Opinión

La realidad municipal

Hace algunos días escribí sobre la marginación del orden municipal en decisiones que afectan sus finanzas tomadas por los otros dos, vinculados a la política de ingresos estatal y las modificaciones a la Ley de Coordinación Fiscal por la parte federal. De hecho se podría hablar de un federalismo sin municipios, cuya dependencia respecto a las transferencias federales es menor que la de las entidades federativas.

Un gran número en ellos con pobreza extrema y sujetos a decisiones de los otros dos órdenes de gobierno que les perjudican, sin tener siquiera voz, como ha sido el caso del impuesto a la tenencia, que hoy es un impuesto estatal, pero ha sido sujeto a un régimen de subsidios o de plano no se cobra, afectando en 20 por ciento que por lo menos recibían de la recaudación del mismo, que se consideraba un acto de colaboración administrativa estado-Federación.
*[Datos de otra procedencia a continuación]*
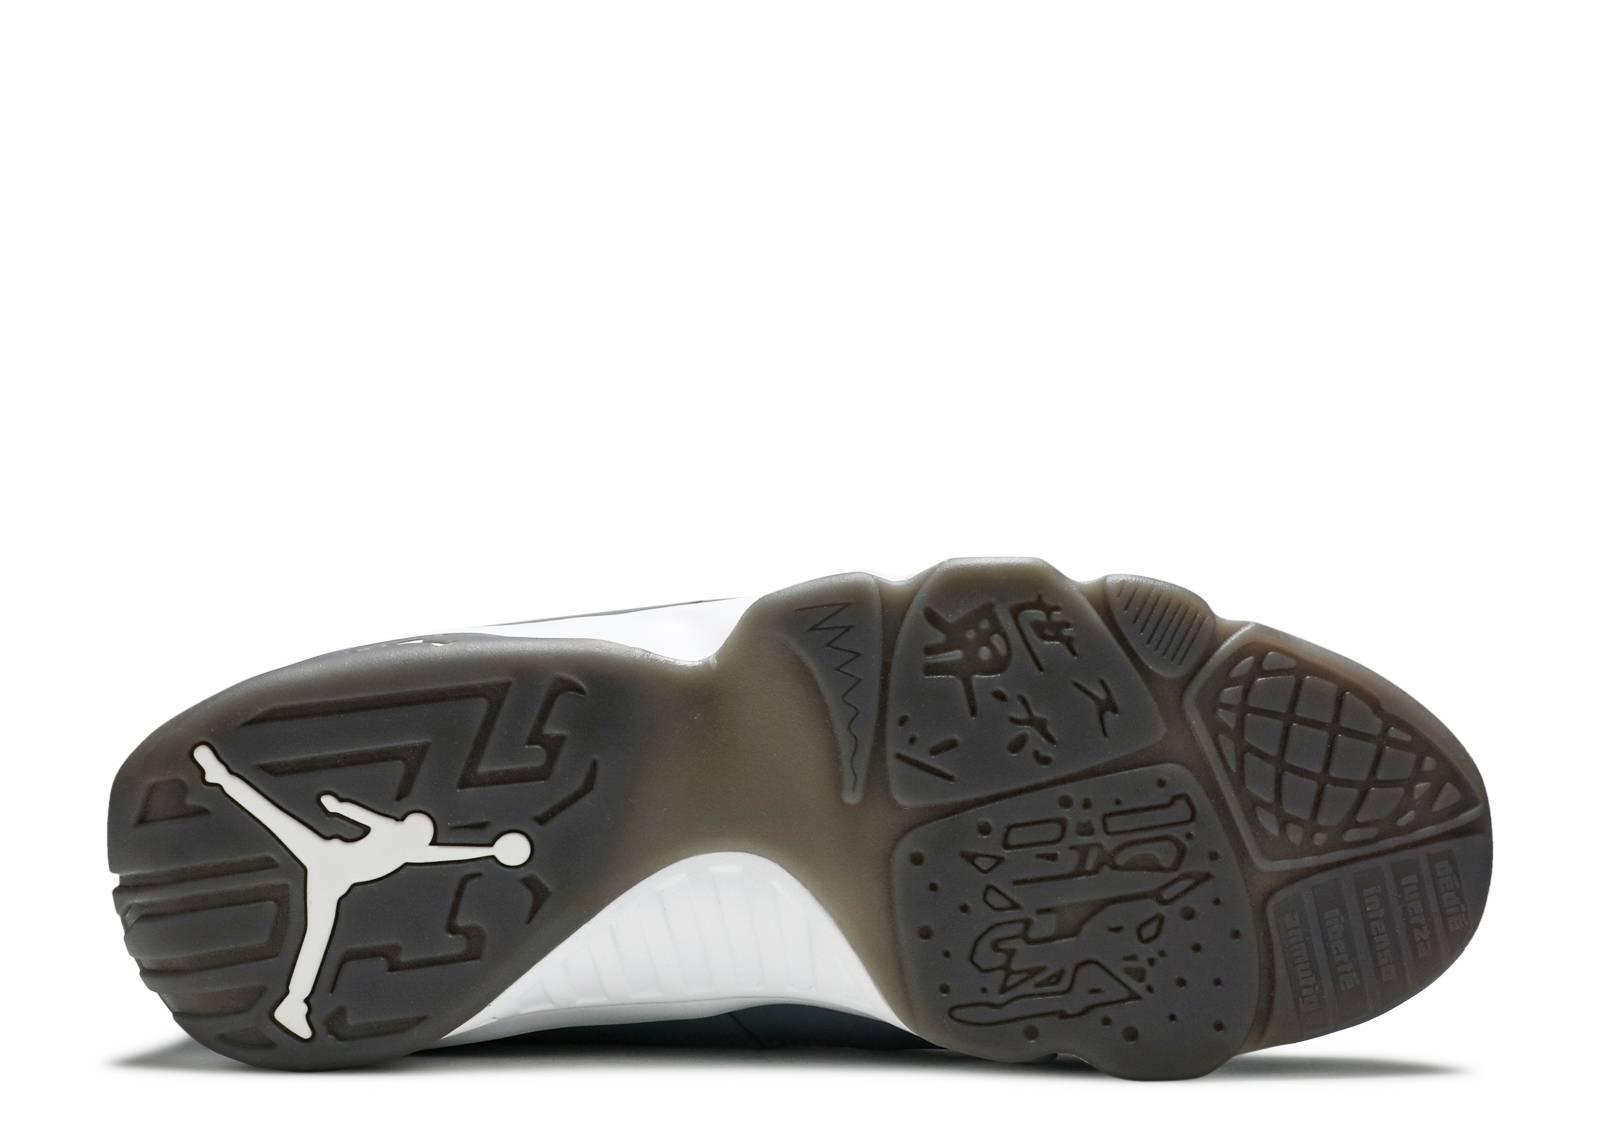 air jordan 9 retro \u0026quot;cool grey 2012 release\u0026quot;
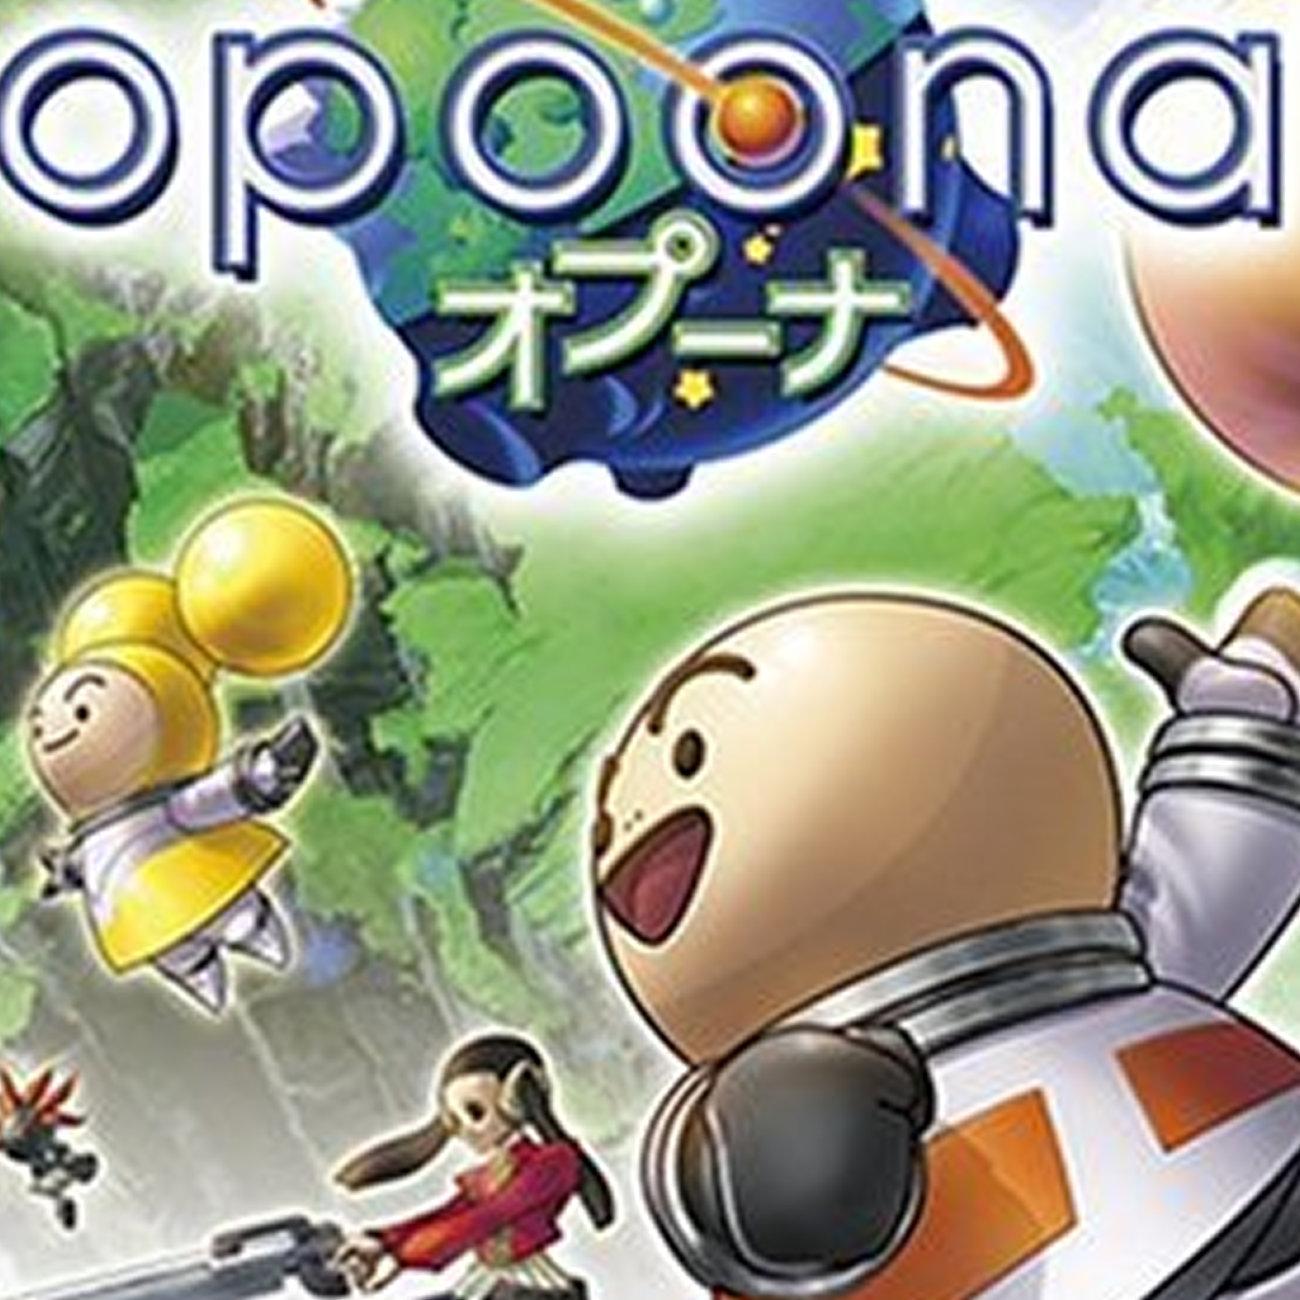 オプーナ、新作が発売されそう。堀井雄二氏の紹介でワゴン伝説

Sin embargo, un amigo mío, abogado y oaxaqueño, me decía que esperaba el comentario sobre la opacidad, la corrupción, el desorden administrativo y el desinterés fiscal de los ayuntamientos. Lo que ha sucedido en muchos municipios de Michoacán, el caso extremo de Iguala en Guerrero y los múltiples conflictos municipales de Oaxaca y en general en todo el país, con un universo de dos mil 445 municipios.

En relación a la recaudación de ingresos propios municipales, la del predial se concentra en menos de cien municipios, porque al margen de la pobreza, existe una gran irresponsabilidad fiscal en la mayoría, de forma tal que para ellos es mejor la política de estirar la mano a ver “que cae”, que recaudar, debido al fantasma del costo político.

Su renuencia a llevar cuentas claras, su afecto por la opacidad en materia de gasto público, no sólo en el caso de los ingresos propios incluyendo las participaciones, además en el ejercicio del gasto federalizado, donde violan normas y ejercen mal los recursos. La ASF revisa cada año no más de 130 municipios, dejando lo demás a las Auditorías Superiores de los congresos locales. En algunas entidades hay resultados, pero faltan más.

Se ha sabido de casos donde las ayudas para la reconstrucción entregadas a los presidentes municipales, terminan sin ser usadas. Hubo un caso hace algunos años donde se les entregó cemento, que posteriormente un presidente municipal vendió a mitad de precio.

Recuerdo una anécdota de un grupo de ediles de municipios pequeños del estado de Guerrero, a quienes pregunté cómo iban con su recaudación de predial, cosa que me dijeron no hacían, “porque tiene un costo político”.

Muchos incumplen las normas para el ejercicio de los recursos de algunos fondos del gasto federalizado. Concretamente del FISM, una de las vertientes del FAIS, con un total desprecio por la normativa, así como del Fortamun. El Subsemun ha sido un fondo cuyo mal registro destaca, no por su monto, sino por las observaciones en relación a su presupuesto total.

Existe en las administraciones municipales una falta impresionante de cuadros técnicos, no sólo en los de usos y costumbres como los más de 400 de Oaxaca, con incapacidad para elaborar un Proyecto Ejecutivo. Apuestan todo a la gestión, más que al manejo responsable de su Hacienda Pública.

Hay avances en la fiscalización, por supuesto; sin embargo, la cultura de la transparencia no se ha arraigado en la mayoría. Los esfuerzos por parte de algunos órganos de fiscalización de los congresos locales son importantes, pero insuficientes. Puebla es un ejemplo positivo.

Es una tarea para todos y la recién creada Conam, tiene en ello un importante desafío.